Problem
The following code works but is a mess. But being totally new to Ruby I have had big problems trying to refactor it into something resembling clean OOP code. Could you help with this and explain what you are doing?
require 'nokogiri'
require 'open-uri'
require_relative 'db.rb' # Not used
require 'mechanize'
require 'digest/md5'
require 'colorize'
require 'win32console'
# Get the Base URL for Groups
# baseURL = '<some site>'
# The Initial Search Point for Groups
#Base URL
baseURL = '<some site>'
pageURL = '<some site>'
doc = Nokogiri::HTML(open(pageURL))
# Search for nodes by css
pages = doc.css('.pages')
thumbs = doc.css('.thumb')
startingPages = pages.css('a').first.text
totalPages = pages.css('a').last.text.to_i
currentPage = 1
## DO THE FIRST PAGE
thumbs.each do |thumb|
imgSrc = thumb.css('.t_img').first['src']
file = open(imgSrc).read.unpack('H*').first
agent = Mechanize.new
image = agent.get(imgSrc)
md = Digest::MD5.hexdigest(*[file.to_s])
sha = Digest::SHA2.hexdigest(*[file.to_s])

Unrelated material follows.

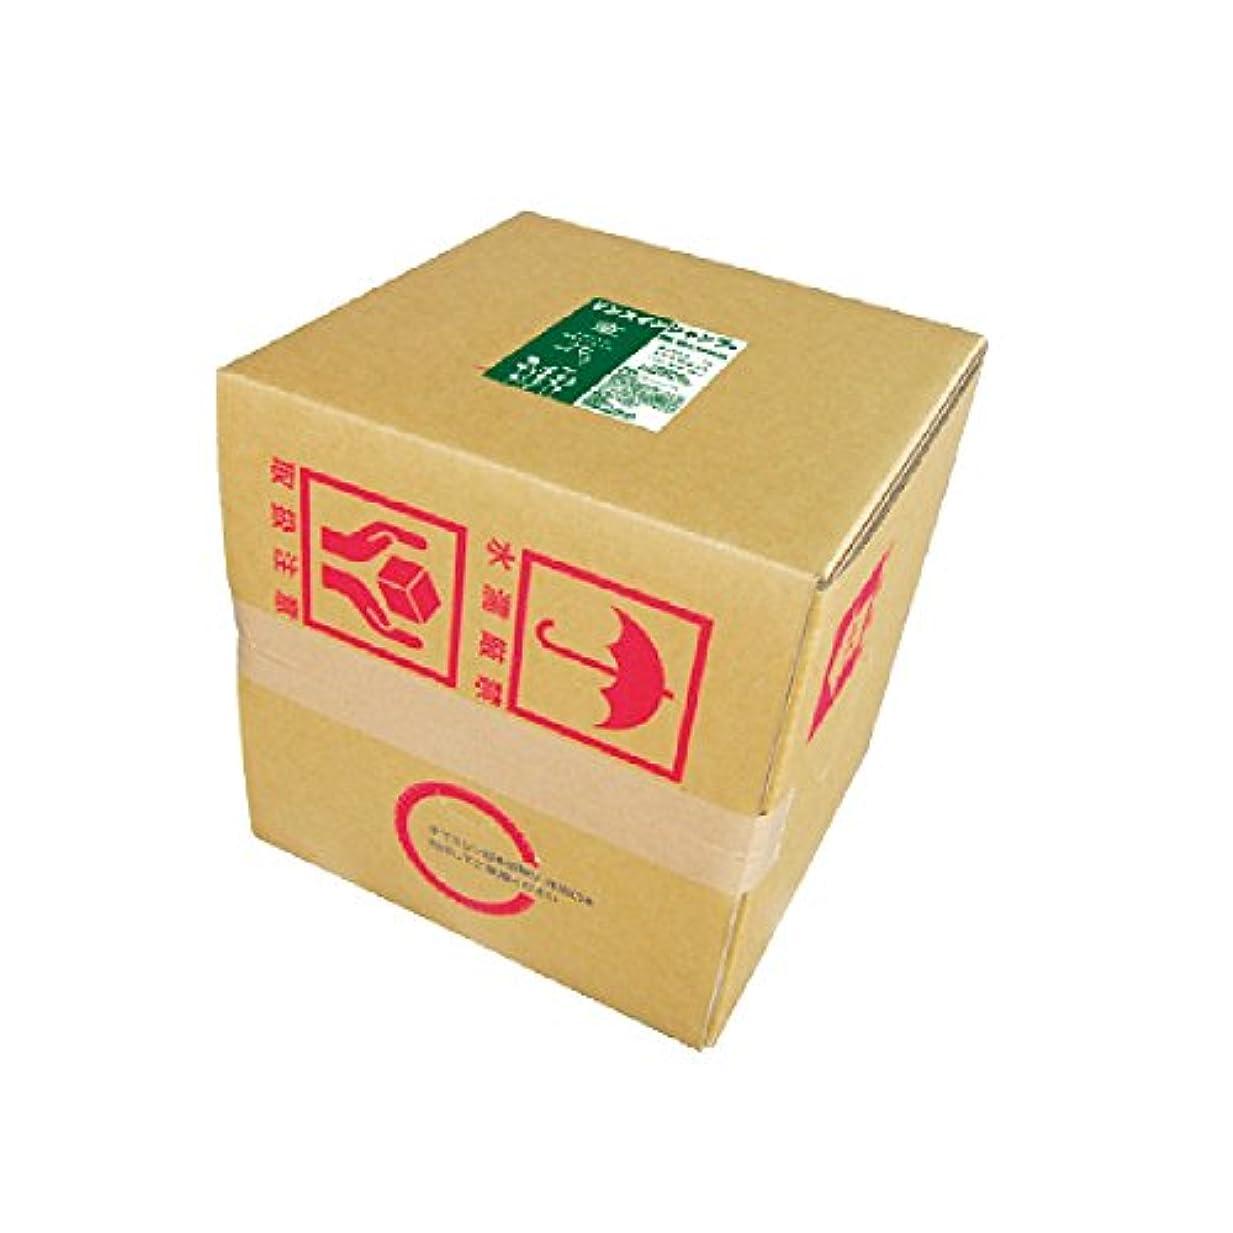 解釈するブリーフケース繕うくさの葉化粧品 リンスインシャンプー 草花 5リットル
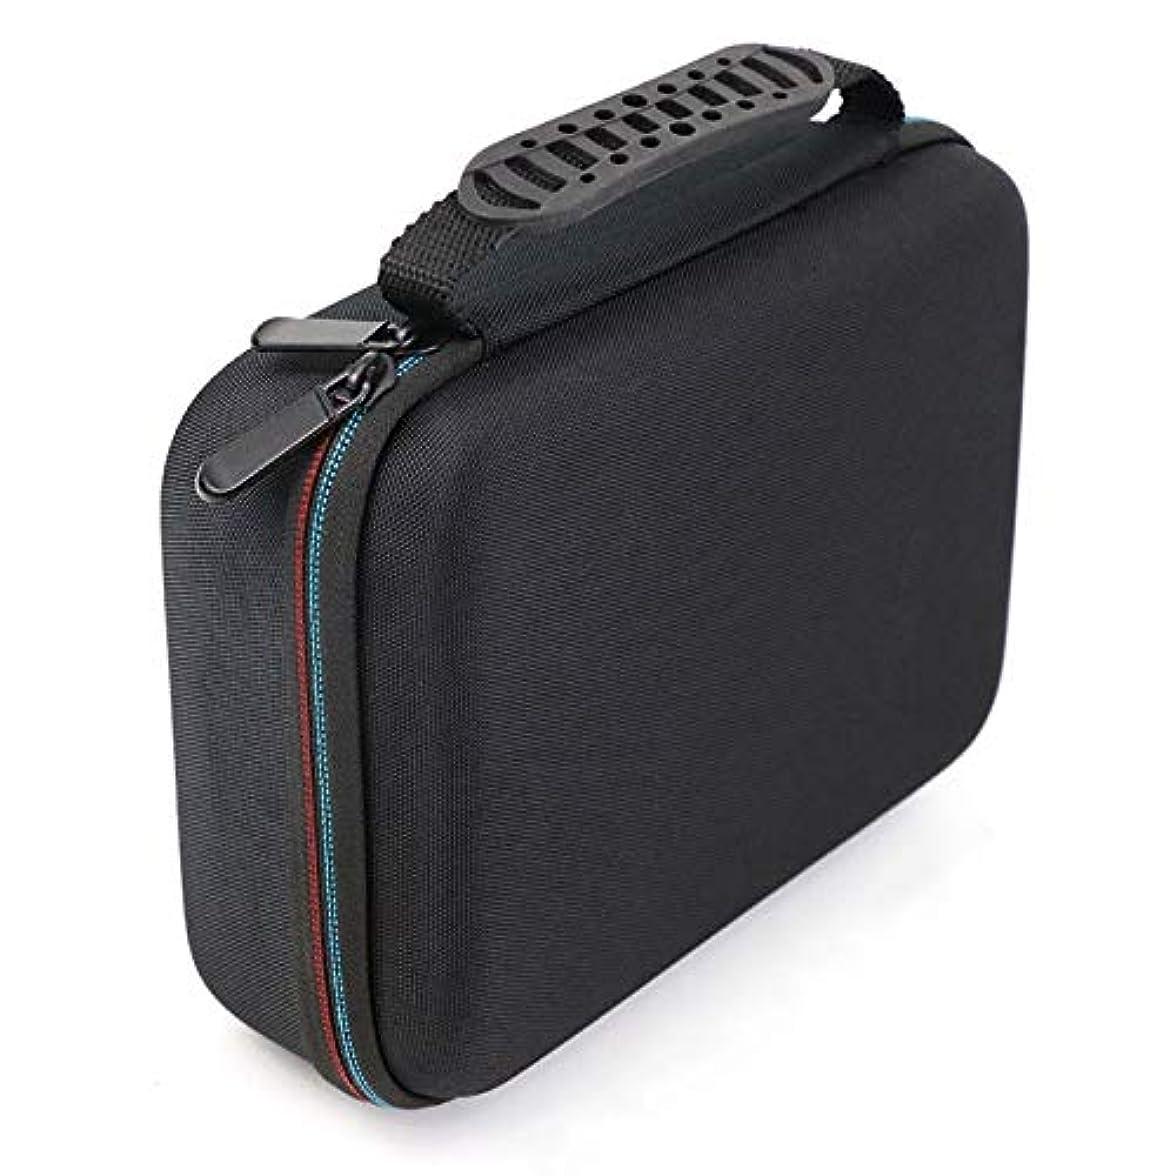 落花生明らかにする老人SODIAL バリカンの収納ケース、携帯用ケース、耐衝撃バッグ、シェーバーのキット、Evaハードケース、収納バッグ、Mgk3020/3060/3080用

title = thumb.css('.t_img').first['alt']
fileType = image.header["content-type"].to_s
lastModified = image.header["last-modified"].to_s
fileSize = image.header["content-length"].to_s
driver = "Prowler"
source = $pagesPath.to_s
binary = file
fileName = image.filename
# ||, -, *, /, <>, <, >, ,(comma), =, <=, >=, ~=, !=, ^=, (, ) Illegal characters for sql queries. Check title for these before inserting into the database
title = title.gsub("'", "")
begin
# connect to the MySQL server
dbh = DBI.connect('dbi:ODBC:DamoclesProwler', 'user', 'pw')
sqlText = "INSERT INTO prowlerRunningResults(ProwlerDriver, SourceURL, Title, DestinationURL, FileSource, FileType, FileName, LastModified, FileSize, HashMD5, HashSHA256, ImageBinary)
VALUES ('#{driver}', '#{source}', '#{title}', 'NA', '#{imgSrc}', '#{fileType}', '#{fileName}', '#{lastModified}', #{fileSize.to_i}, '#{md}', '#{sha}', '#{binary}' )"
dbh.do( sqlText )
puts "Record has been created for".green + "t" + sha.yellow
dbh.commit
rescue DBI::DatabaseError => e
if(e.errstr == "23000 (3604) [Microsoft][ODBC SQL Server Driver][SQL Server]Duplicate key was ignored.")
puts "Ignoring Duplicate File".cyan
else
puts "An error occurred".red
puts "Error code: #{e.err}".red
puts "Error message: #{e.errstr}".red
# check update first
dbh.rollback
end
ensure
# disconnect from server
dbh.disconnect if dbh
end
end
puts "--------------------------PAGE 1-----------------------------------"
(2..totalPages-1).each do |k|
$pagesPath = URI.join(baseURL, "/category/0/All/ctr/" + k.to_s + "/")
rdoc = Nokogiri::HTML(open($pagesPath))
tthumbs = rdoc.css('.thumb')
tthumbs.each do |mthumb|
title = mthumb.css('.t_img').first['alt']
imgSrc = mthumb.css('.t_img').first['src']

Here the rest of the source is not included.